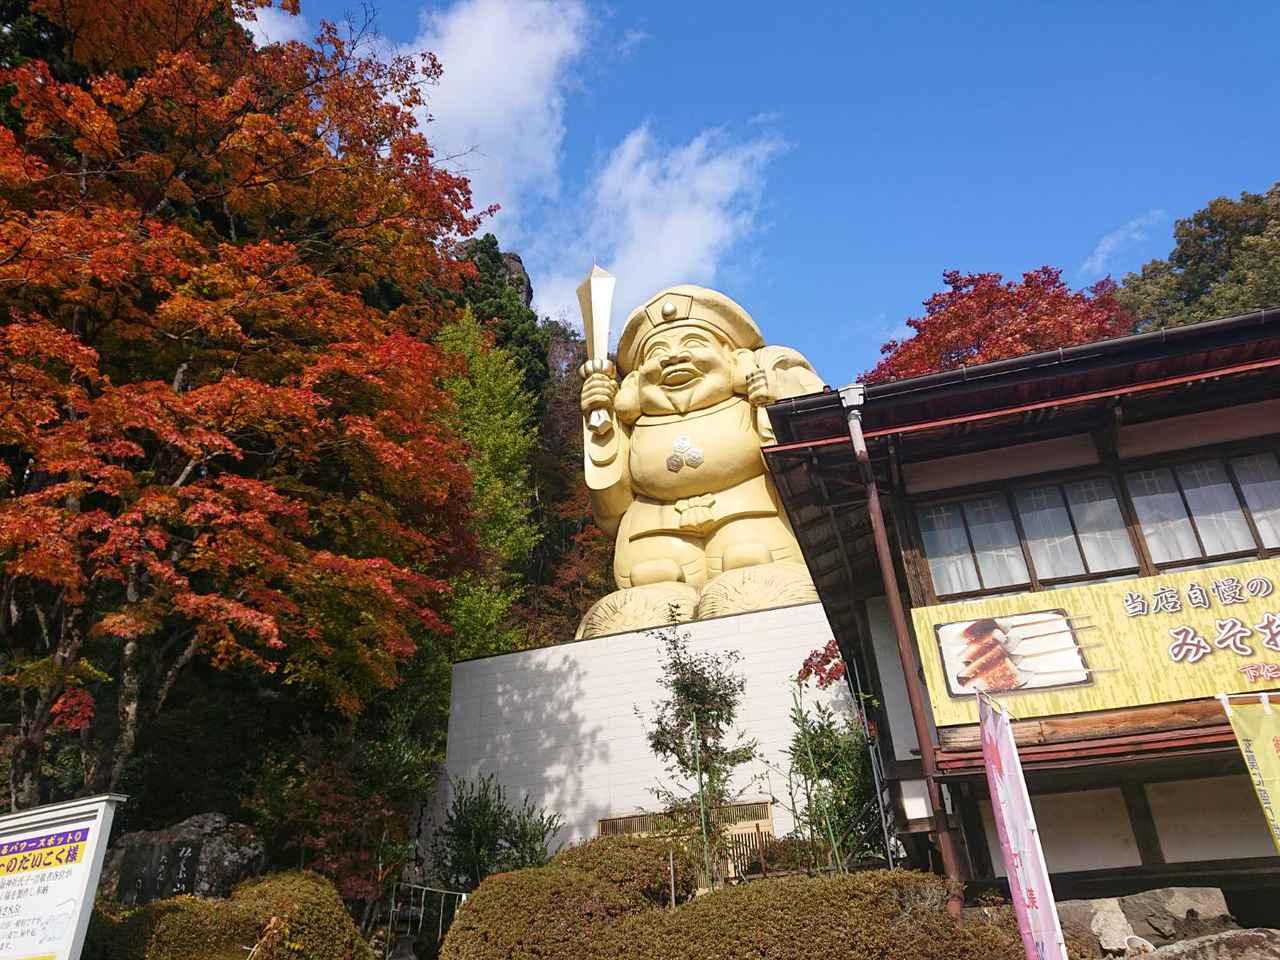 画像: 中之嶽神社にいらっしゃる日本一のだいこく様
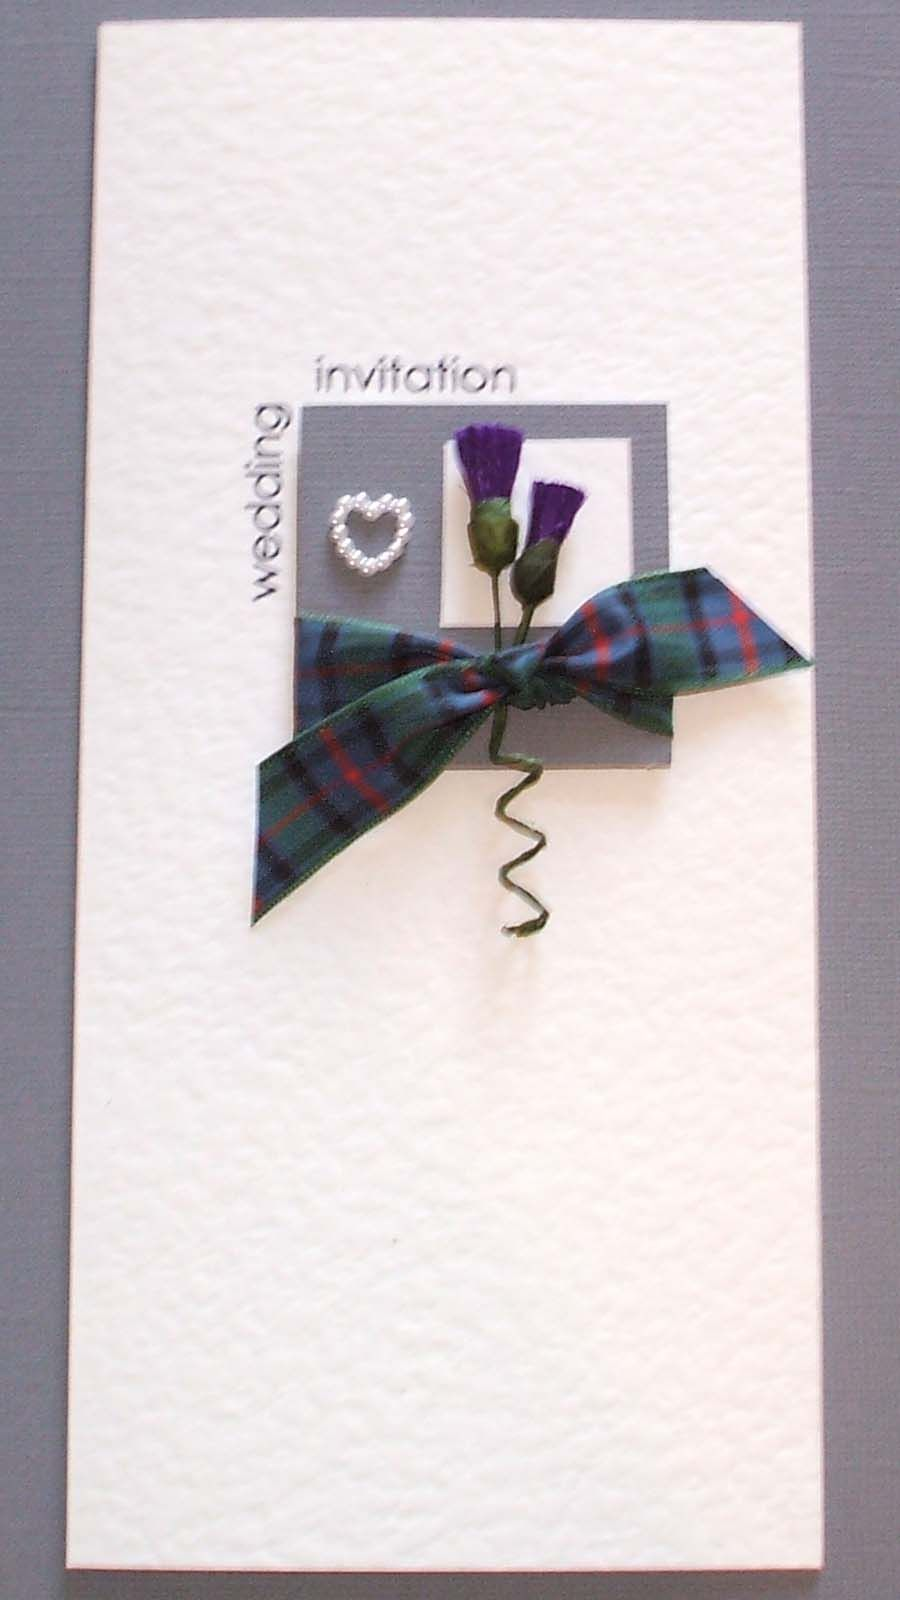 contemporary scottish wedding invitations designs - Google Search ...
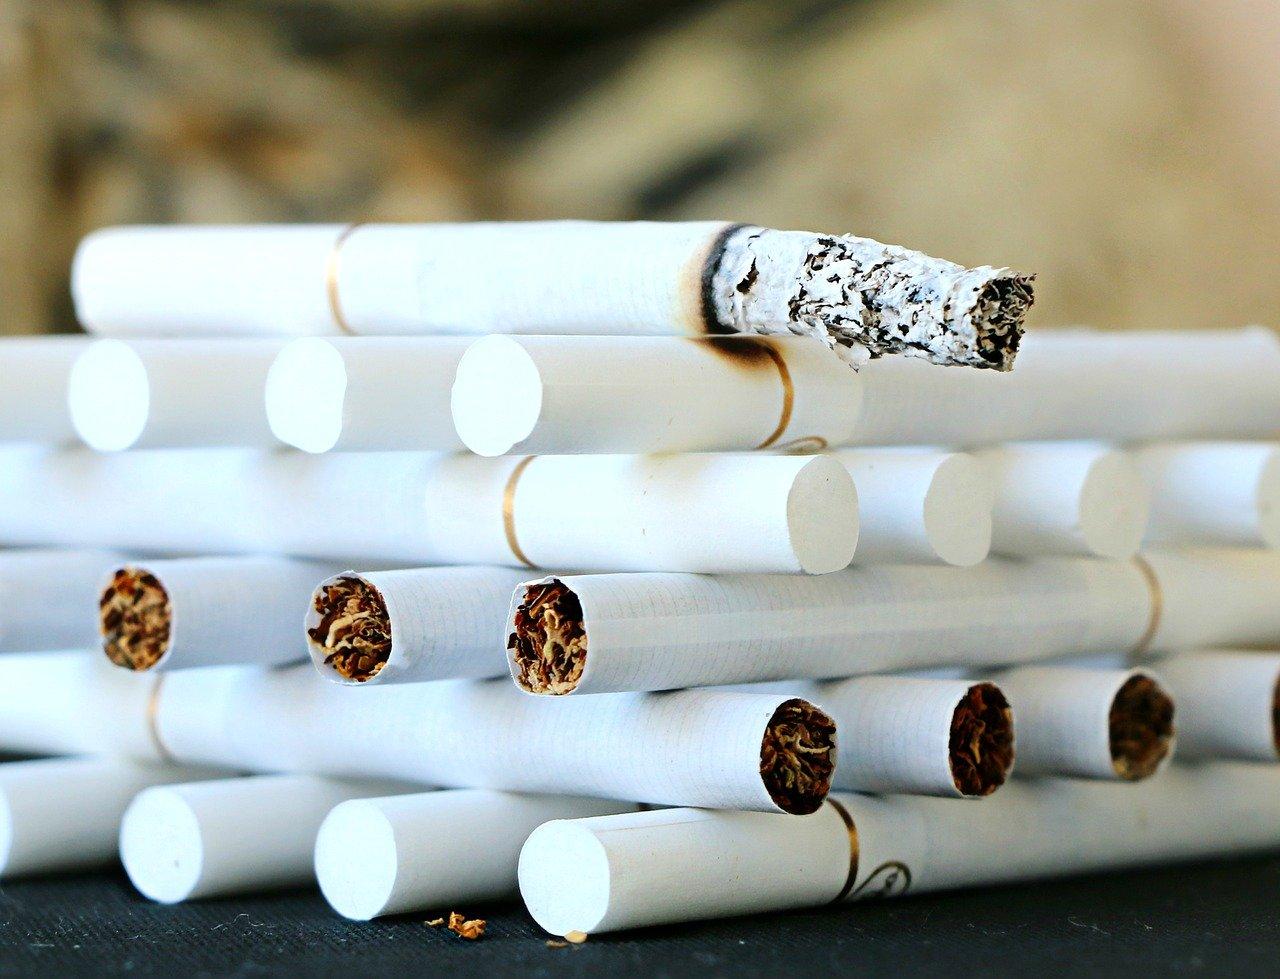 Табачные изделия это пищевая продукция или нет электронные сигареты одноразовые устройство
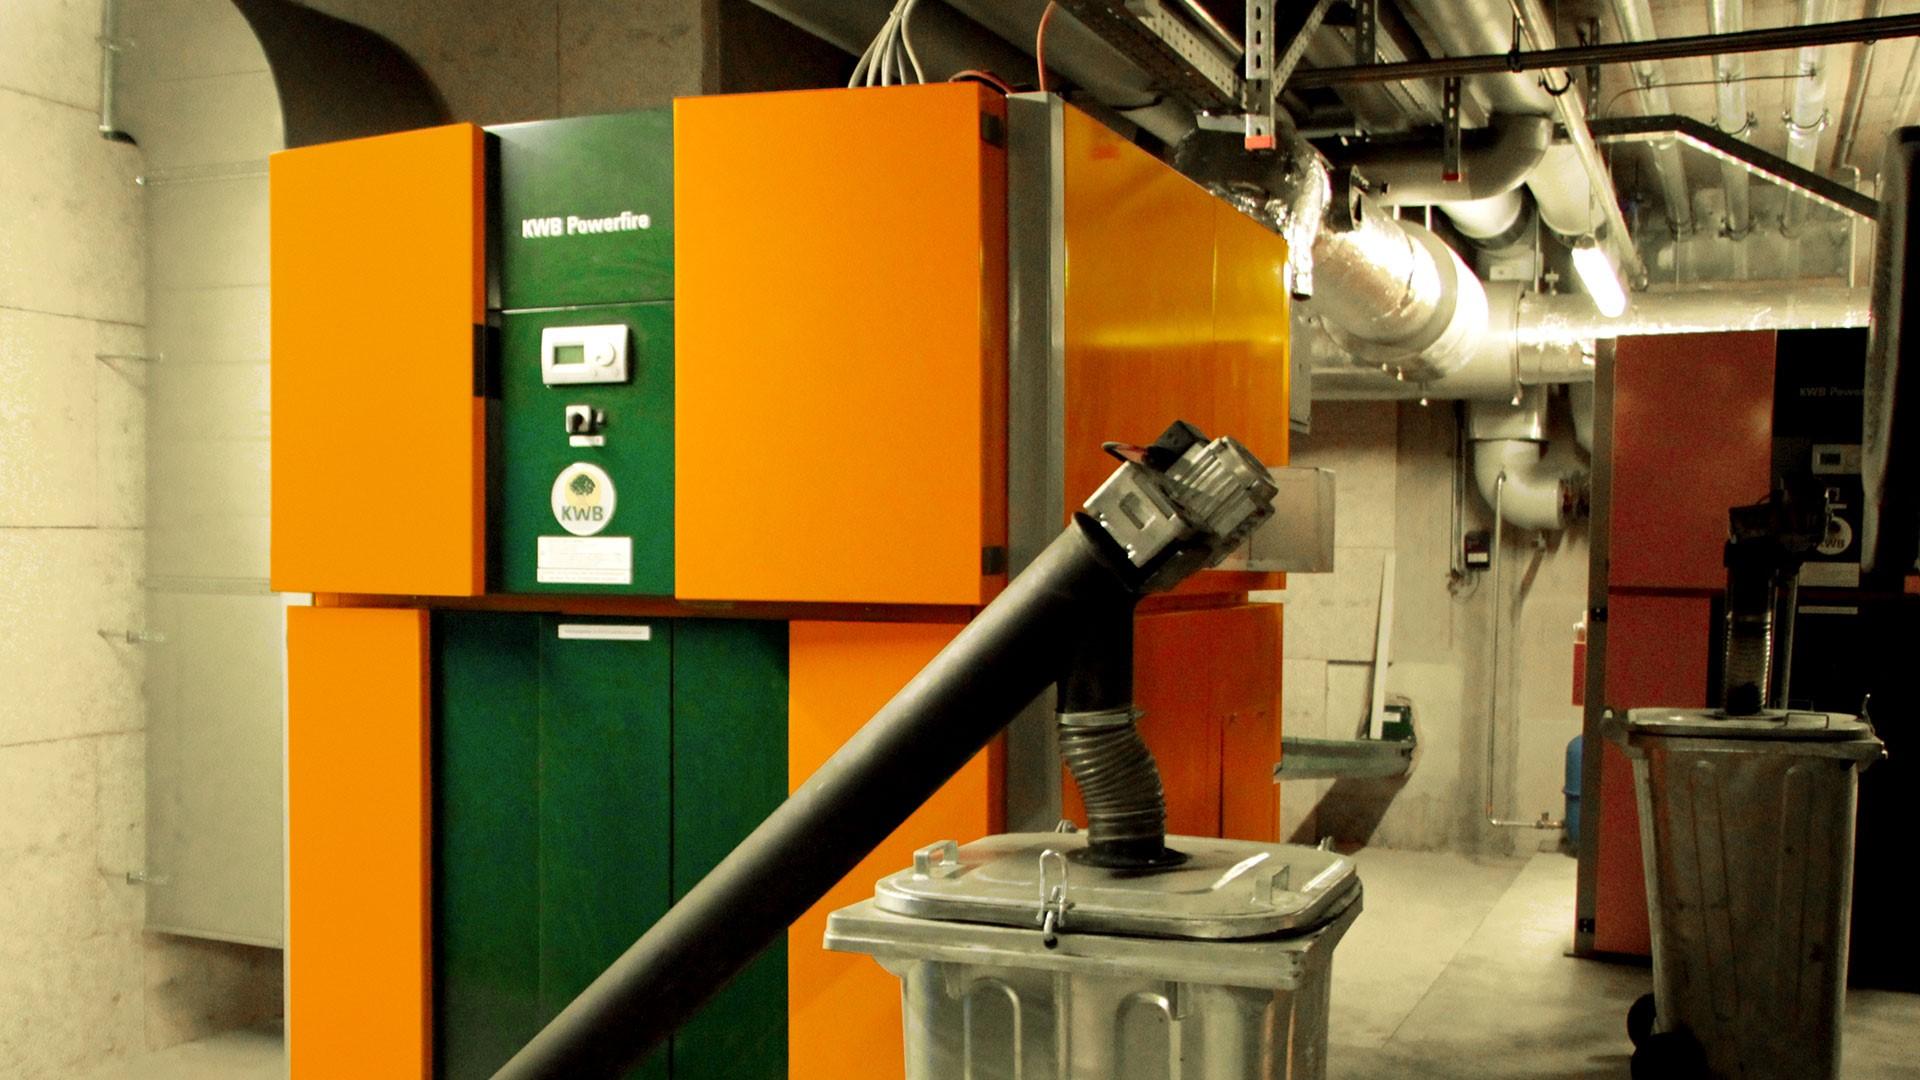 Hackgut- und Pelletheizung KWB Powerfire im Keller eines Gebäudes.

» **Aim of the task**:
The expected answer consists solely of the lines from the one with "Табачные изделия это" through the last line of the listing above, restated exactly, minus any pictures.

» **Finished task**:
 Табачные изделия это пищевая продукция или нет электронные сигареты одноразовые устройство
 Hackgut- und Pelletheizung KWB Powerfire im Keller eines Gebäudes.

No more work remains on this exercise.